В эритроцитах много соединений, аналогичных тромбоцитарным факторам. Важнейший - частичный тромбопластин (напоминает Р3), входящий в состав мембраны. Также большое количество АДФ, фибриназы и т.д. При травме около 1 % эритроцитов вытекающей крови разрушается, способствуя образованию тромбоцитарной пробки и фибринового сгустка.

Лейкоциты - содержат лейкоцитарные факторы. Моноциты и макрофаги при стимуляции антигеном синтезируют белковую часть тромбопластина (III) - апопротеин III. Является продуцентами витамин К-зависимых факторов свертывания: II, VII, IX и X.

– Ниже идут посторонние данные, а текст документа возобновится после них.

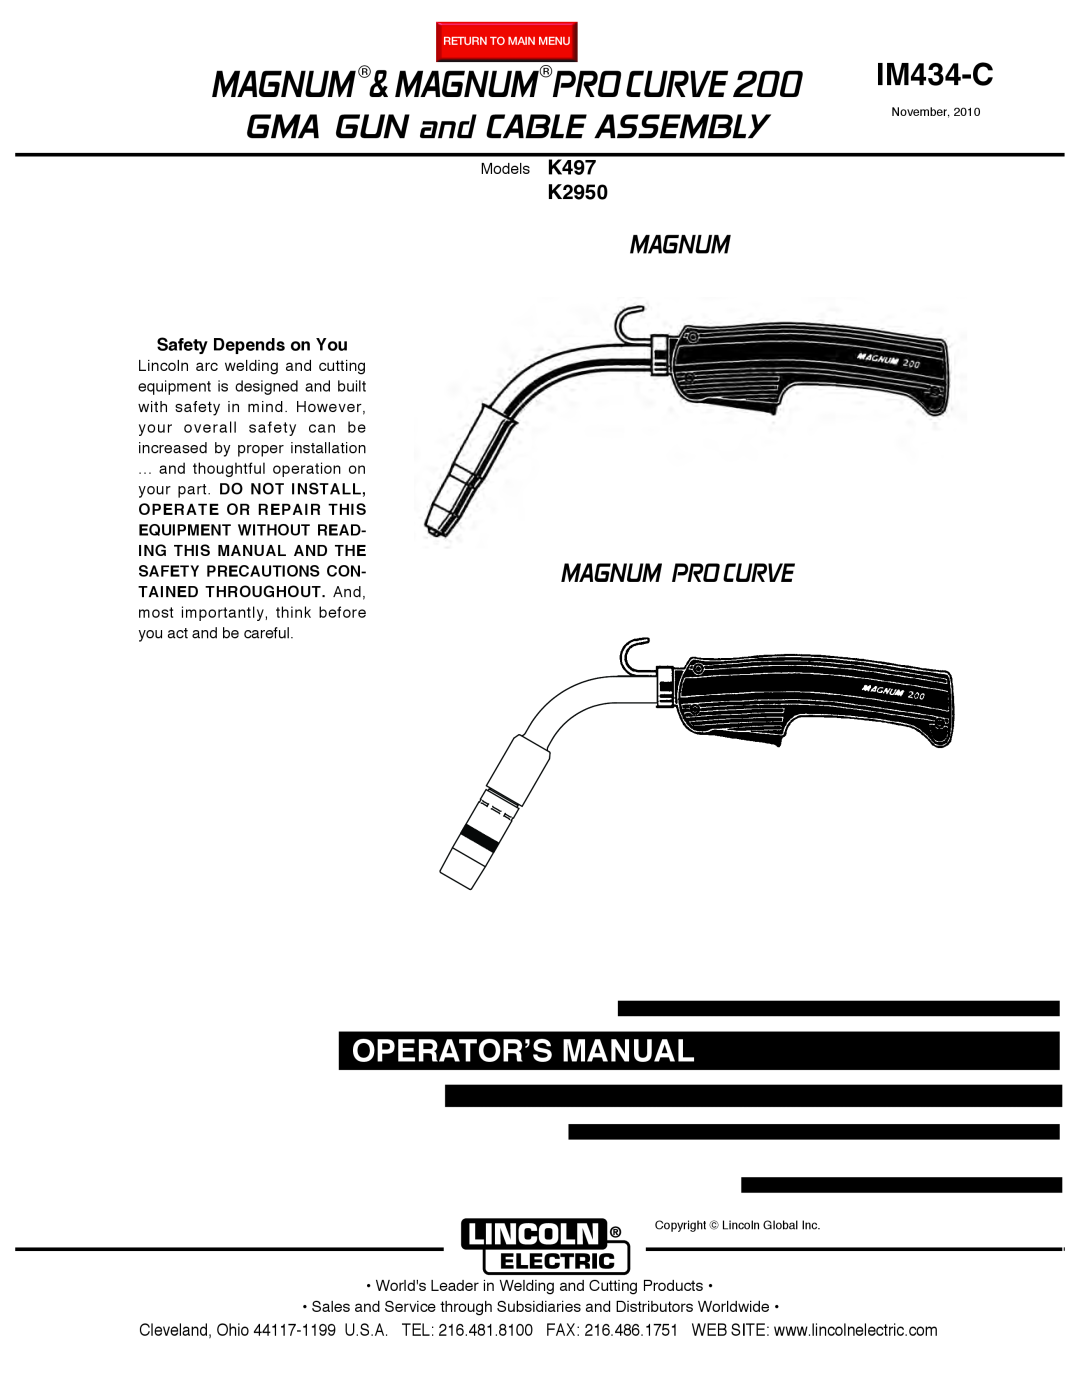 Lincoln Electric K2950, K497 manual IM434-C, Safety Depends on You, Magnum& Magnumpro Curve, GMA GUN and CABLE ASSEMBLY

Процесс свертывания крови - преимущественно проферментно-ферментный каскад, в котором проферменты, переходя в активное состояние, приобретают способность активировать другие факторы свертывания крови. Подобная активация может носить последовательный и ретроградный характер.

Три фазы процесса свертывания крови:

комплекс последовательных реакций, приводящий к образованию протромбиназы;

под влиянием протромбиназы переход протромбина (II) в тромбин (IIа).

под влиянием тромбина из фибриногена образуется фибрин.

Первая фаза - образование протромбиназы - может происходить по внешним и внутренним механизмам (Рис. 21).

Внешний механизм предполагает обязательное присутствие тромбопластина (III). Формирование протромбиназы начинается с активации фактора VII при его взамодействии с тромбопластином и фактором XIIа.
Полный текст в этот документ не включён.